- _Information provided_

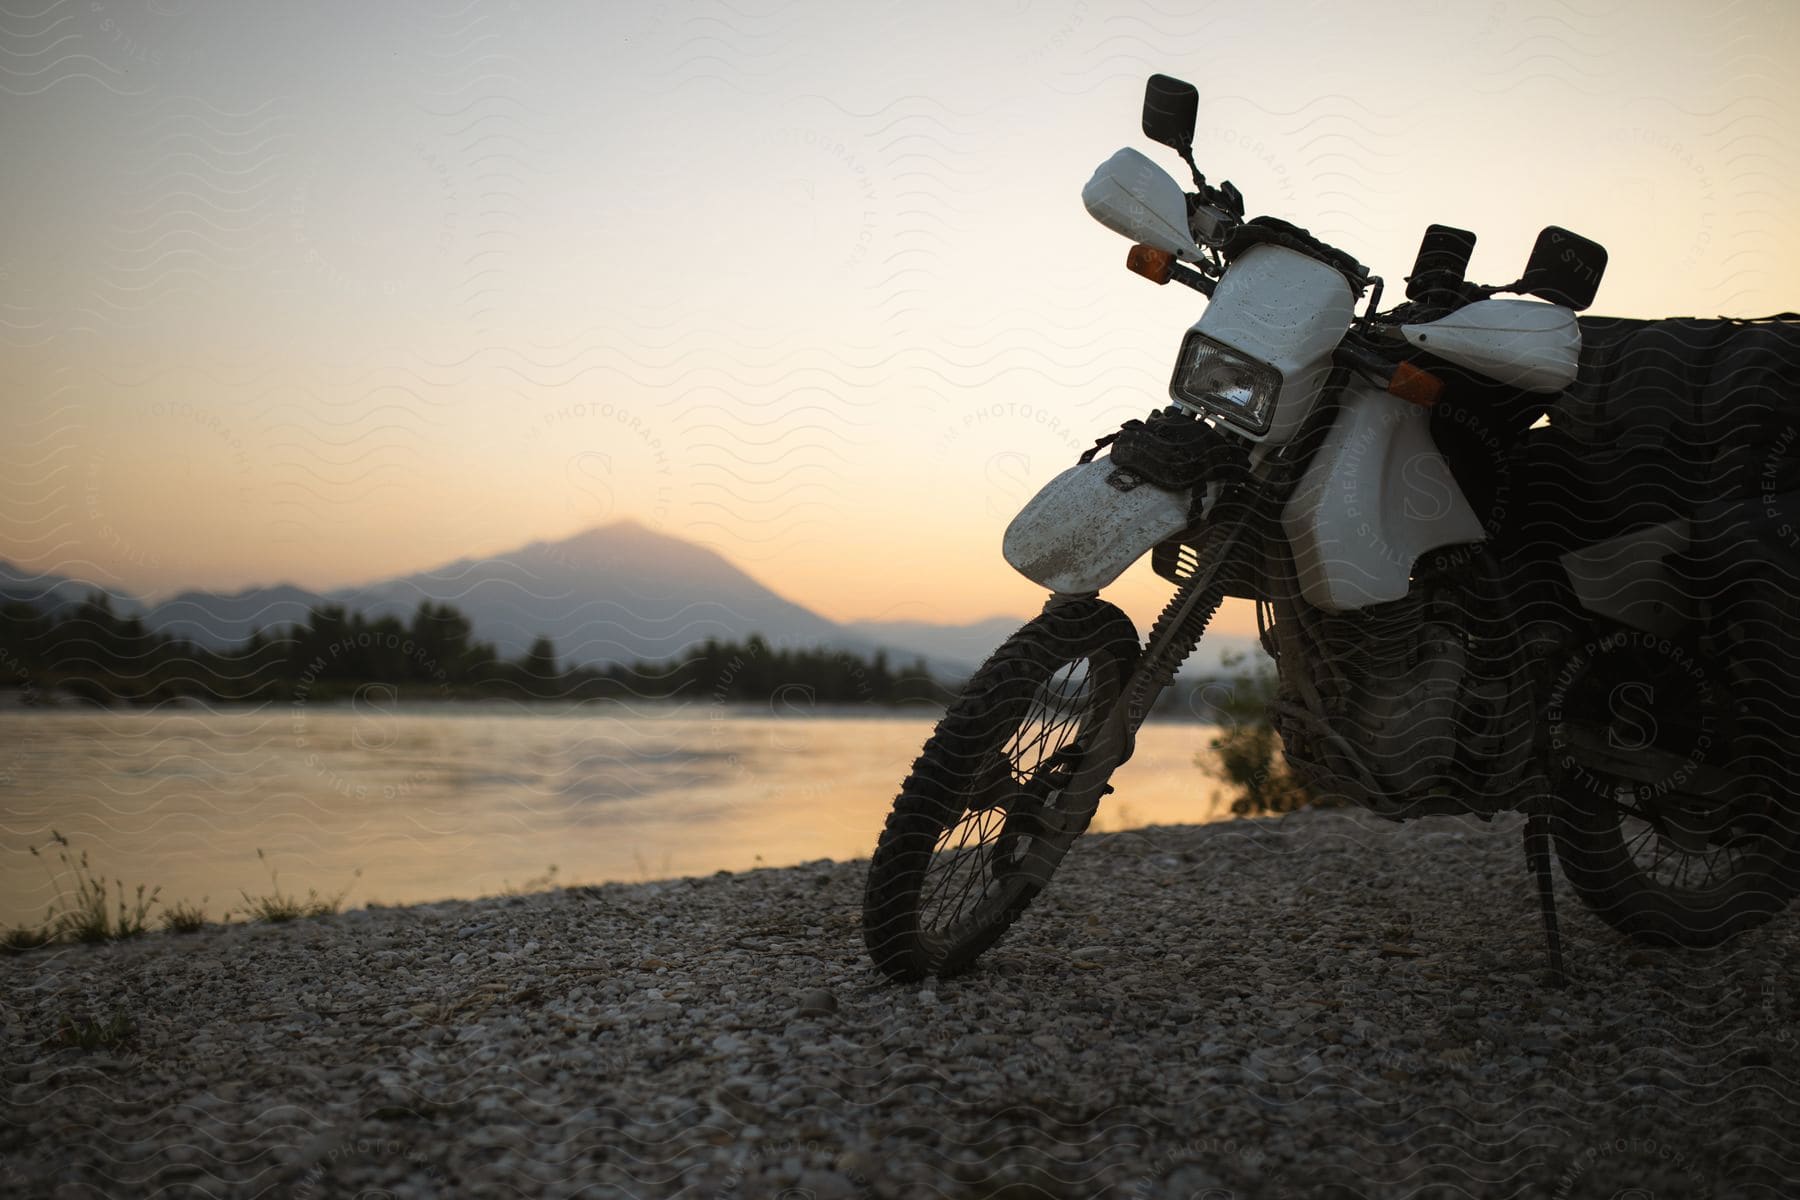 A white motorcycle stands along the shore with trees and a mountain across the river under a hazy sky
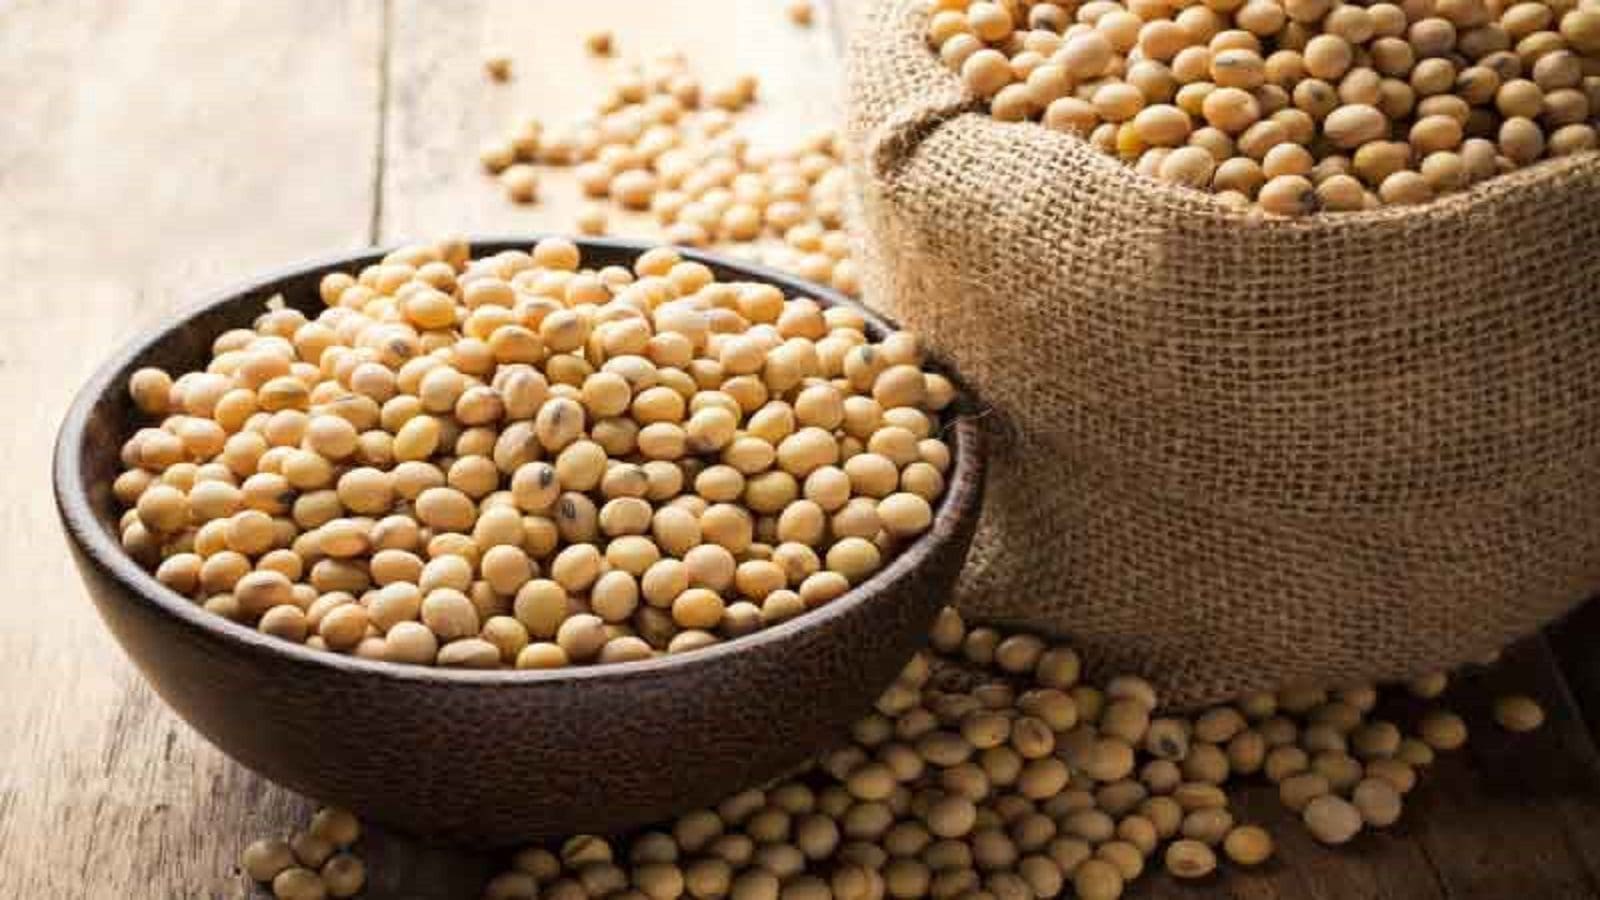 Counter-sanctions endanger soybean industry profitability and export opportunities
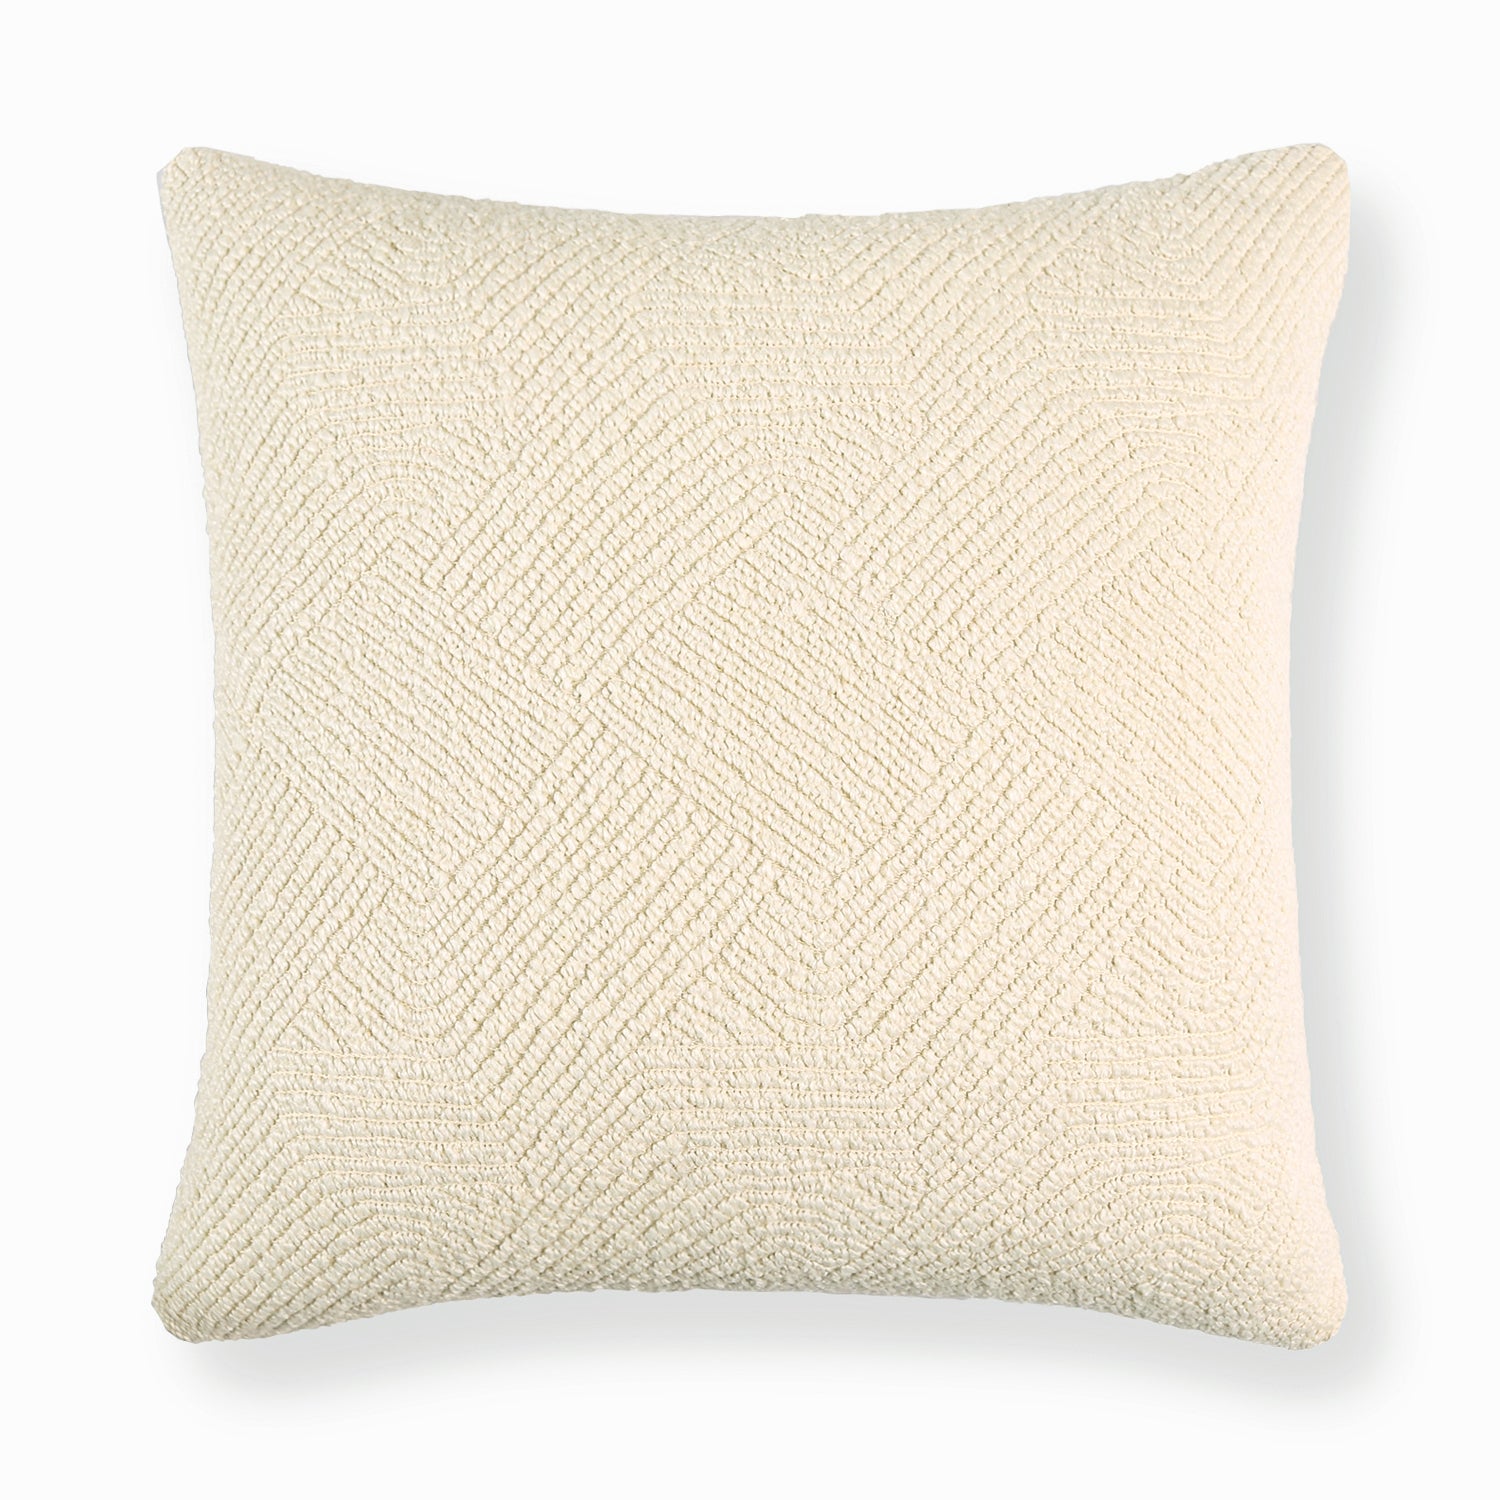 Erice Patterned Wool Pillow Cover-

- _Task directions_
Please return all of the material above exactly, minus any pictures.

- _Your solution_
 A white motorcycle stands along the shore with trees and a mountain across the river under a hazy sky
 Counter-sanctions endanger soybean industry profitability and export opportunities
 Erice Patterned Wool Pillow Cover-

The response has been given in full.